Herb Reiter, president of EDA 2 ASIC Consulting, said memory suppliers already are using 3D memory stacks in various places because it’s very simple to stack memory. “You really don’t need any intelligence in regard to place and route for how to partition your structure. It’s a very regular structure. Every die level is identical so they just need to assign elevator shafts—basically the TSV chains—through their whole stack and they are done. No tools necessary at all. No place and route intelligence required at all.”

The next level of sophistication would involve putting a memory die on top of a logic die, which doesn’t require TSVs on the SoC or on the memory. This way, you get enormous bandwidth between the logic and the memory, and when you design a logic die you need to keep in mind what the best way of communicating with the memory. That could be a Wide I/O standard you are complying with, or whatever else is appropriate for this particular application.
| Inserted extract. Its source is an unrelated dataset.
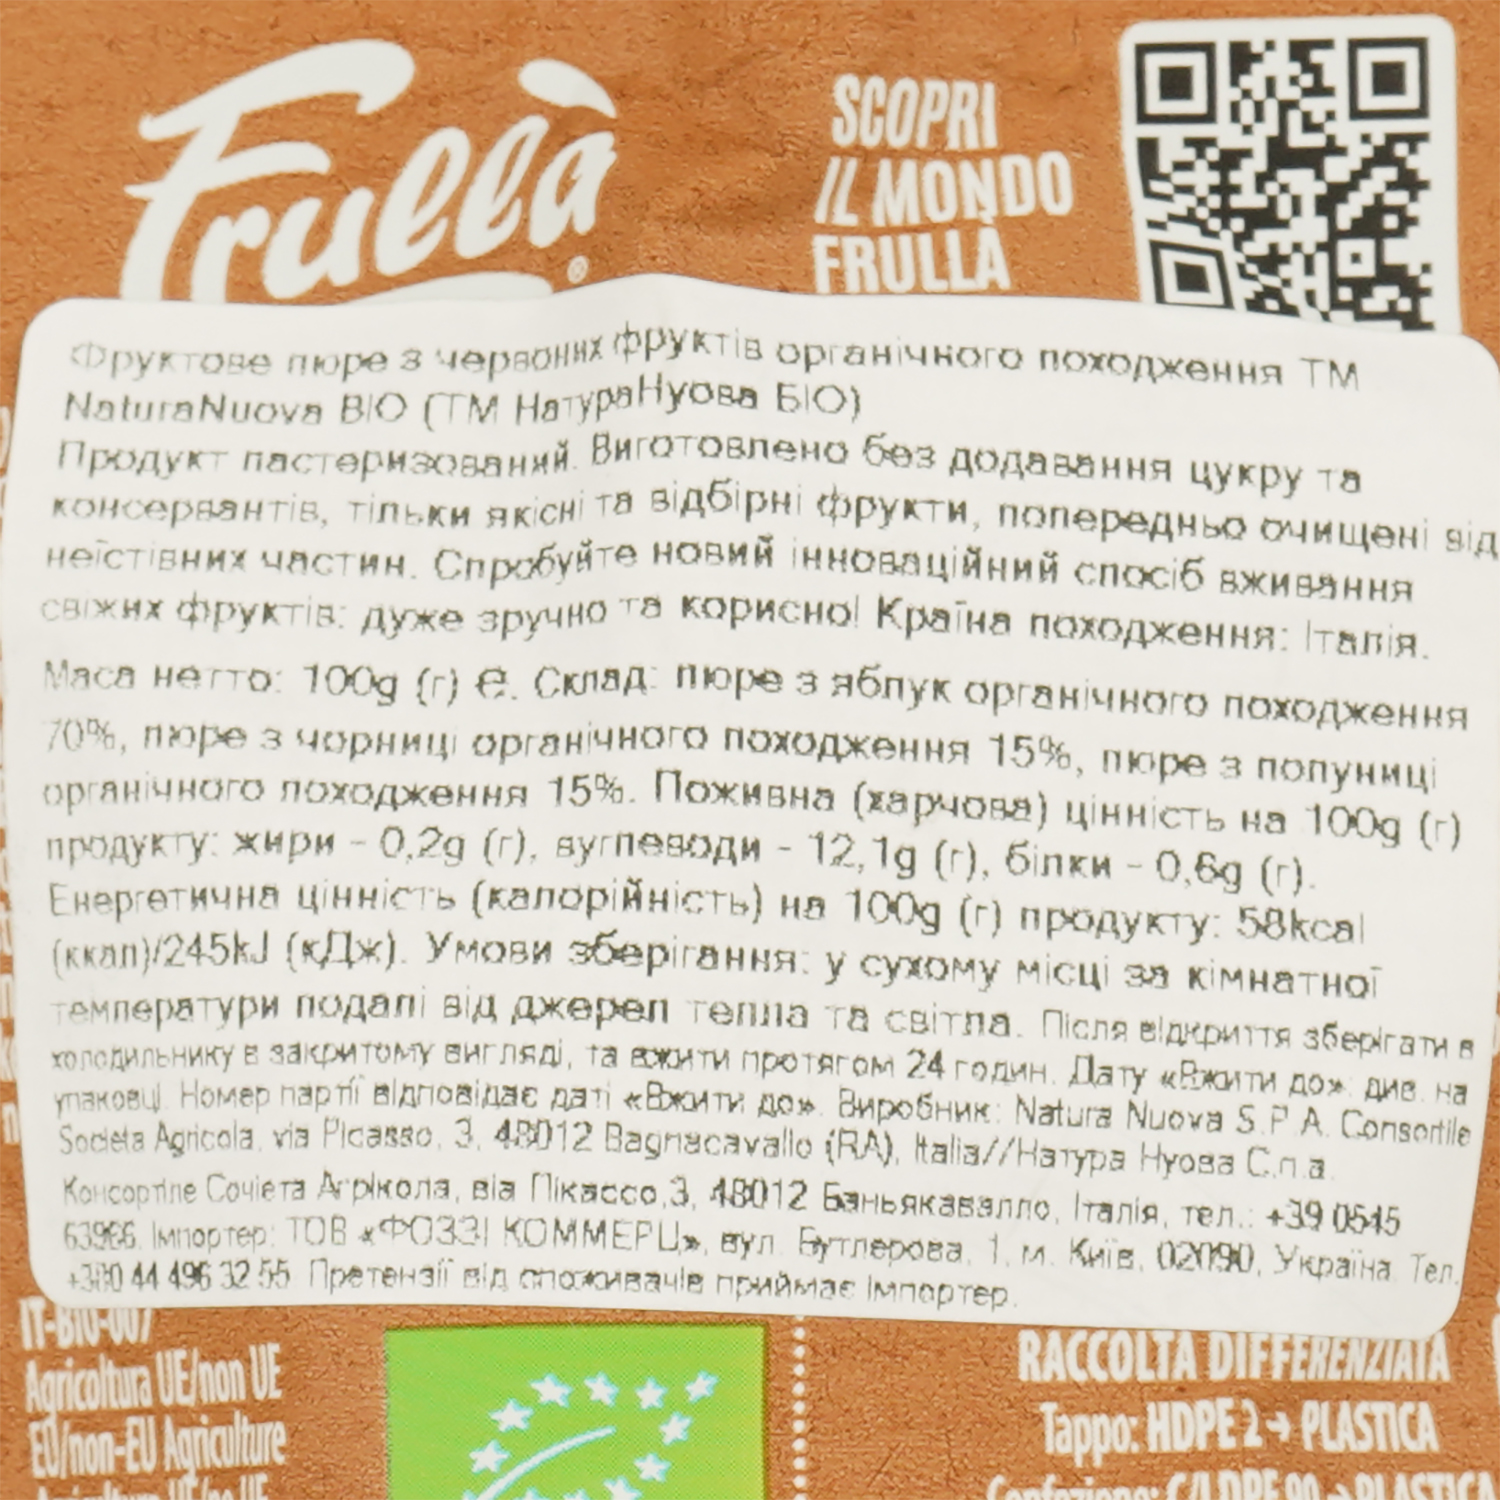 Пюре фруктовое Frulla Bio Mela Frutti Rossi из красных фруктов, 100 г (583585) - фото 3

Again, that’s no new challenge for place and route tools, he explained.

“Now, looking at partitioning logic into different levels can turn out to be quite a challenge because you want, for example, to keep the clock on one layer and only put combinatorial logic on the upper layer so that you don’t have a clock spine on every die and burn a lot of heat by running clock spines more than necessary because you know the clock spine consumes a lot of energy in a logic chip. If you try to be smart and keep the sequential elements that need to have a clock on one layer and the combinatorial elements on the other layer, you save yourself from running a clock spine through the die and keep the power dissipation of the two die or three die combination fairly lower. To my knowledge, today’s place and route tools from Synopsys, Cadence, and Mentor are not really designed to do this,” Reiter noted.

However, to be fair, much with 3D is still in flux and 3D technologies are still emerging. There’s no doubt that when the tools are needed, the EDA providers will deliver an automated solution.
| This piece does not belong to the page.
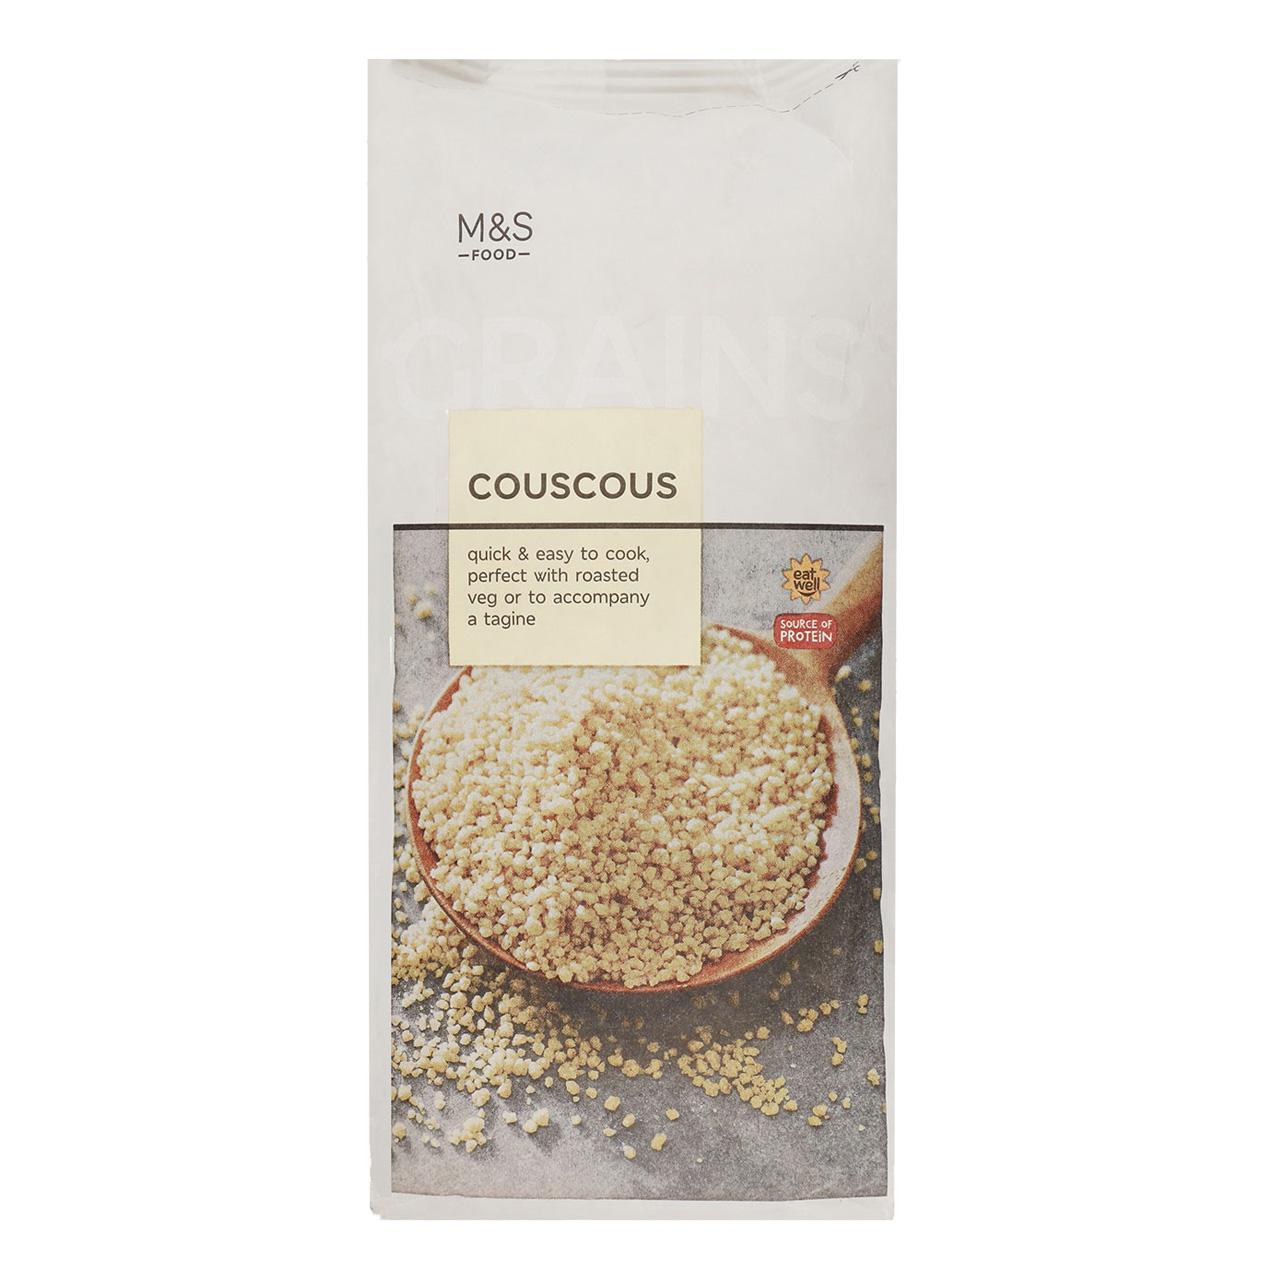 M&S Couscous

Something else to consider regarding the heroics that the EDA industry goes through to enable new technologies. “We think the EDA industry has spent about $2 billion so far on 20nm and below enablement,” said Steve Carlson, group director for silicon realization at Cadence. “We’ve spent thousands of man years … and there’s a real growing ROI issue for the EDA companies. If you look at market research that project design starts and you look at the number of 20nm and below designs in 2013, 2014 and 2015, it adds up to be about 764 projected design starts. Recalling that $2 billion investment, that means that there’s about a $2.5 million per project R&D investment by the EDA companies.”

That’s a lot of money by anyone’s standard.